Would you retype exactly the lines below, starting with the one that has "These homemade Blueberry" and going on through the one that has "Easy Made From", with no pictures and nothing else?

▶ [Data to examine]:
────────────────────

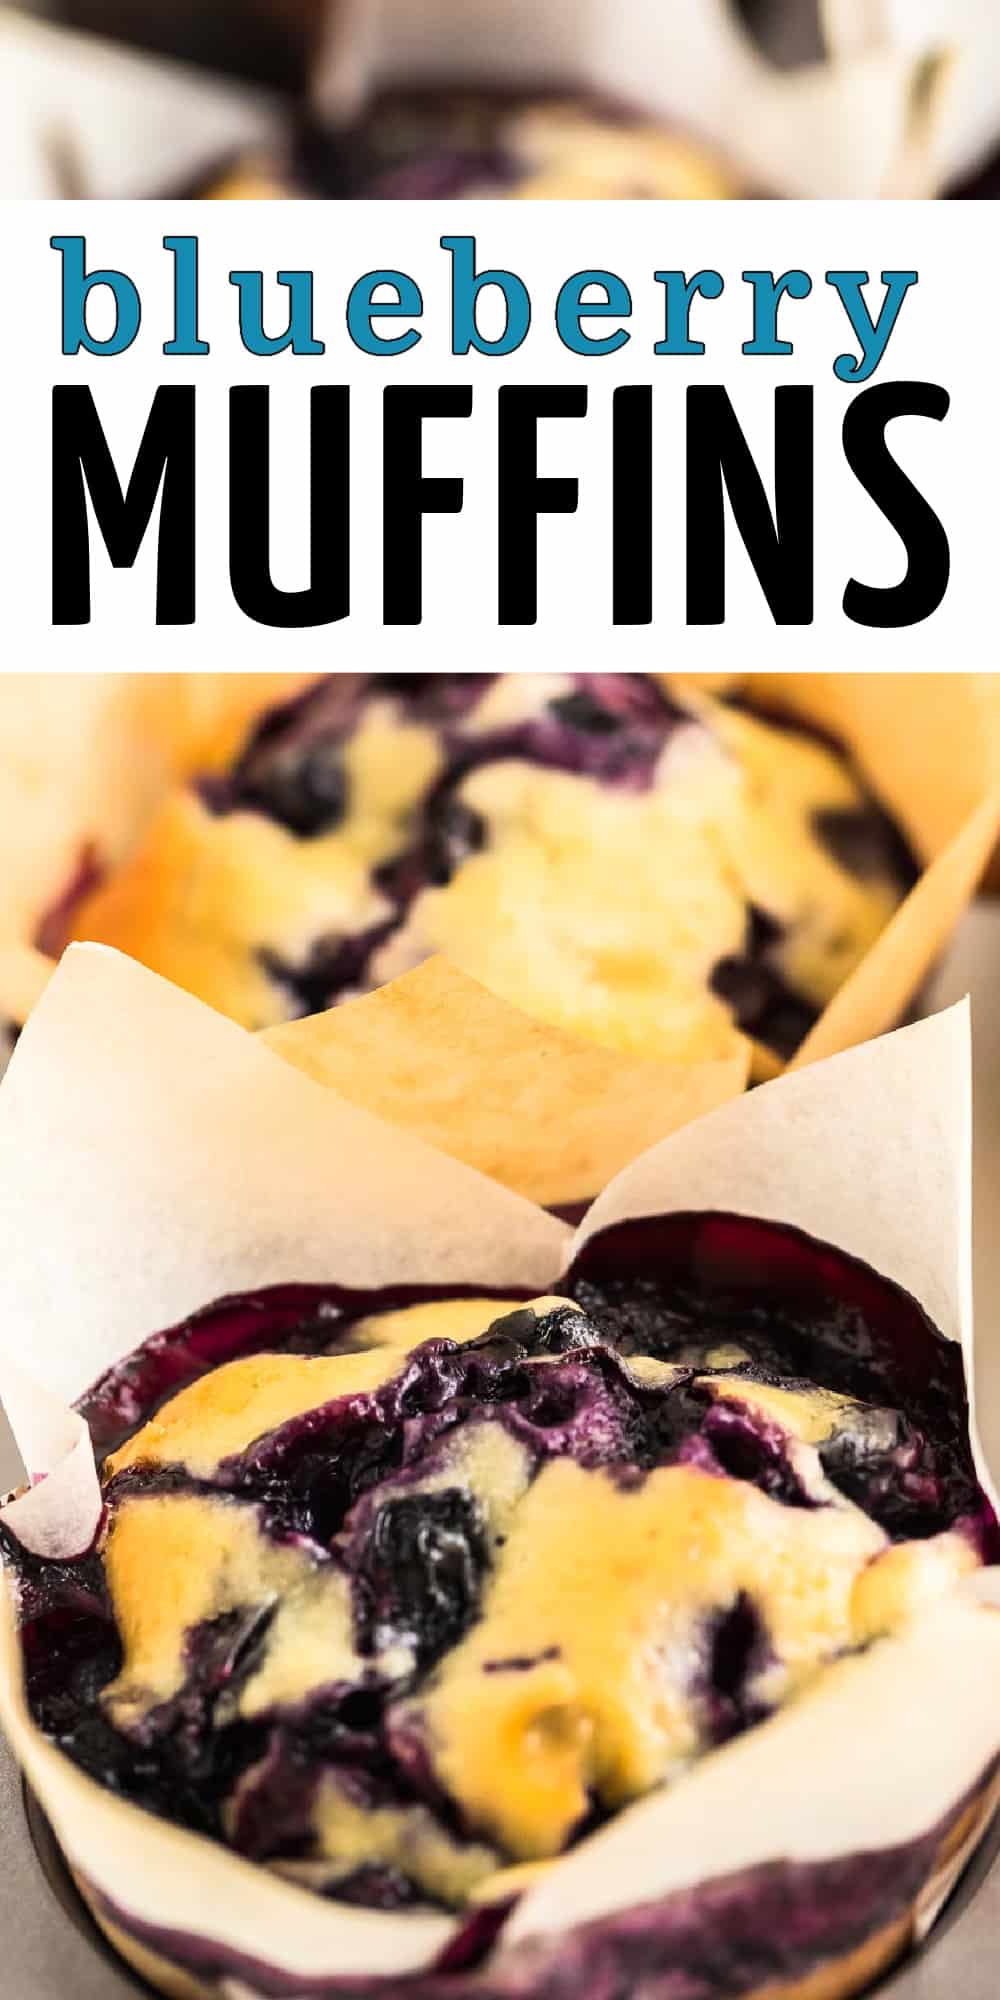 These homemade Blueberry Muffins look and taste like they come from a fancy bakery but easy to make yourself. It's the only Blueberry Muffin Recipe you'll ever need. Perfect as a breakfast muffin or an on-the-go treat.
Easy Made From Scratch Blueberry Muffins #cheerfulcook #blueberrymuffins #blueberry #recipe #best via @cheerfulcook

────────────────────

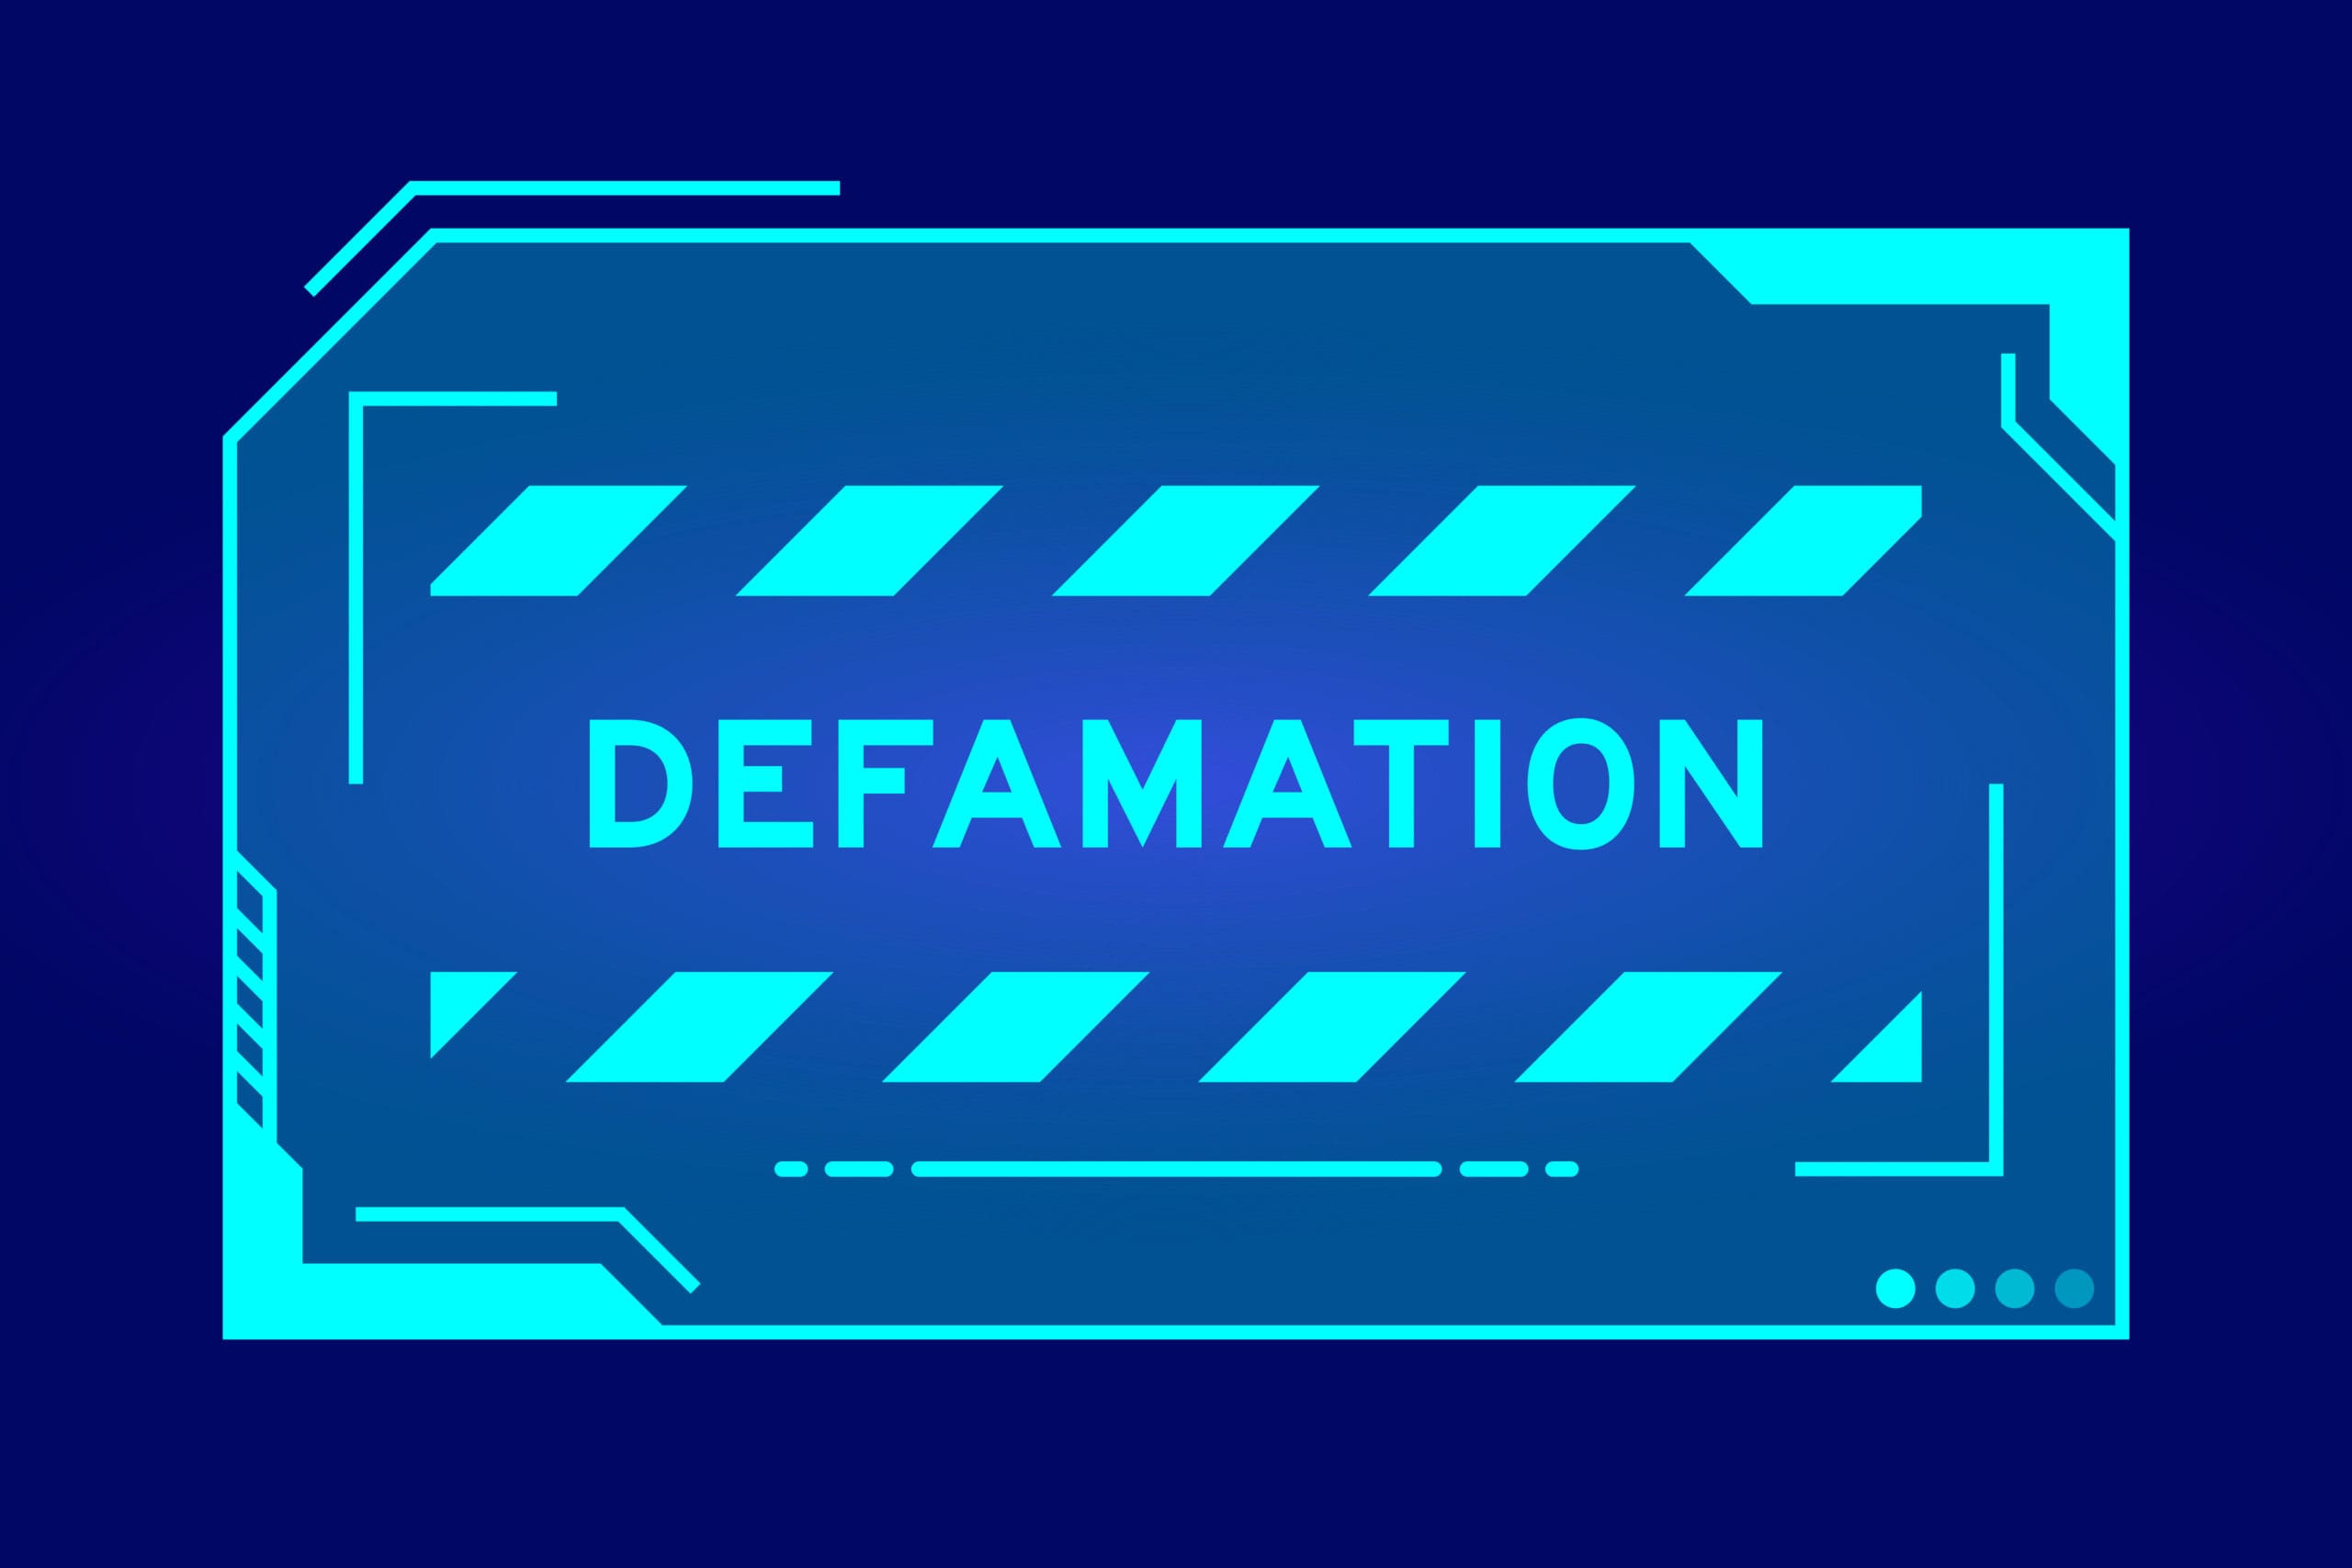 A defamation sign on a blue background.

────────────────────

▶ [Written answer]:
 These homemade Blueberry Muffins look and taste like they come from a fancy bakery but easy to make yourself. It's the only Blueberry Muffin Recipe you'll ever need. Perfect as a breakfast muffin or an on-the-go treat.
Easy Made From Scratch Blueberry Muffins #cheerfulcook #blueberrymuffins #blueberry #recipe #best via @cheerfulcook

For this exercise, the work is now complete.